Data:
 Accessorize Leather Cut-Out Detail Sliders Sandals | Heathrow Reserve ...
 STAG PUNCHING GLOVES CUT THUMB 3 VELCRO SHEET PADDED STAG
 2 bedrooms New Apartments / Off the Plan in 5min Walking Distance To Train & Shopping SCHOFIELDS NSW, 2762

---

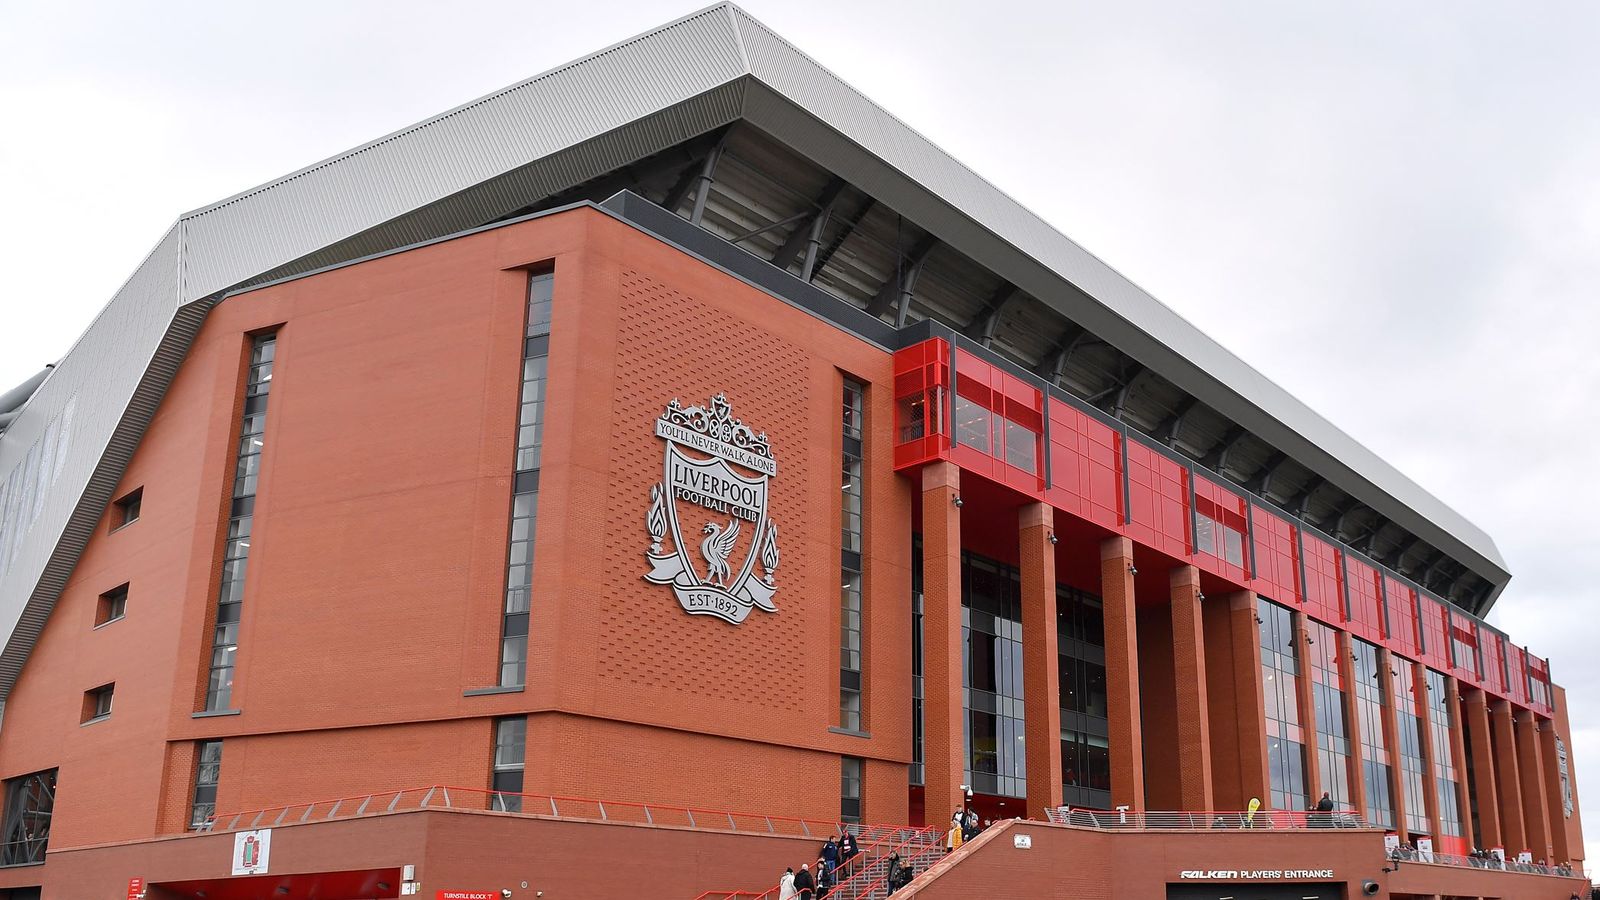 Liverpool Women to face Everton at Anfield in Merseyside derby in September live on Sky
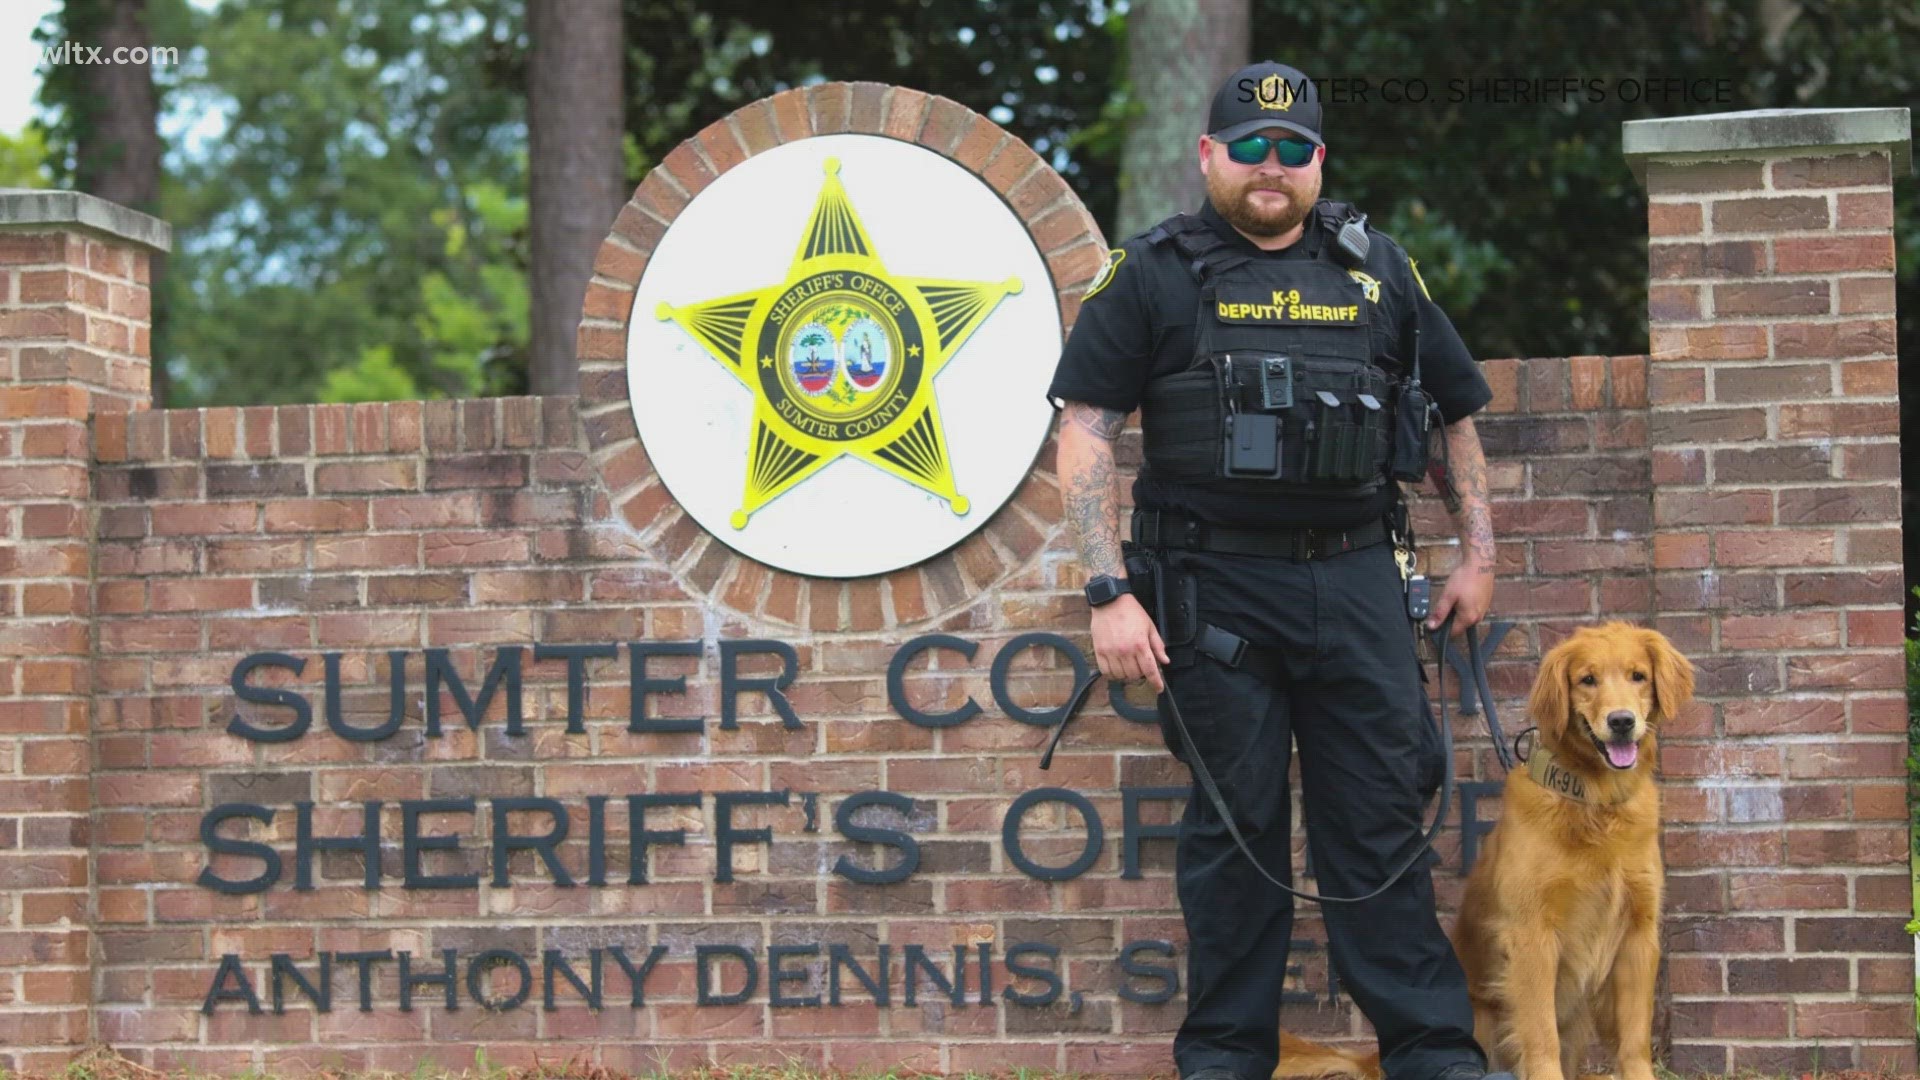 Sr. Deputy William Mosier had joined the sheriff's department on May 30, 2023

Exercise details: After locating the line holding "STAG PUNCHING GLOVES" above, output exactly that line and every line after it through the line holding "2 bedrooms New". Include nothing else.

Solution:
 STAG PUNCHING GLOVES CUT THUMB 3 VELCRO SHEET PADDED STAG
 2 bedrooms New Apartments / Off the Plan in 5min Walking Distance To Train & Shopping SCHOFIELDS NSW, 2762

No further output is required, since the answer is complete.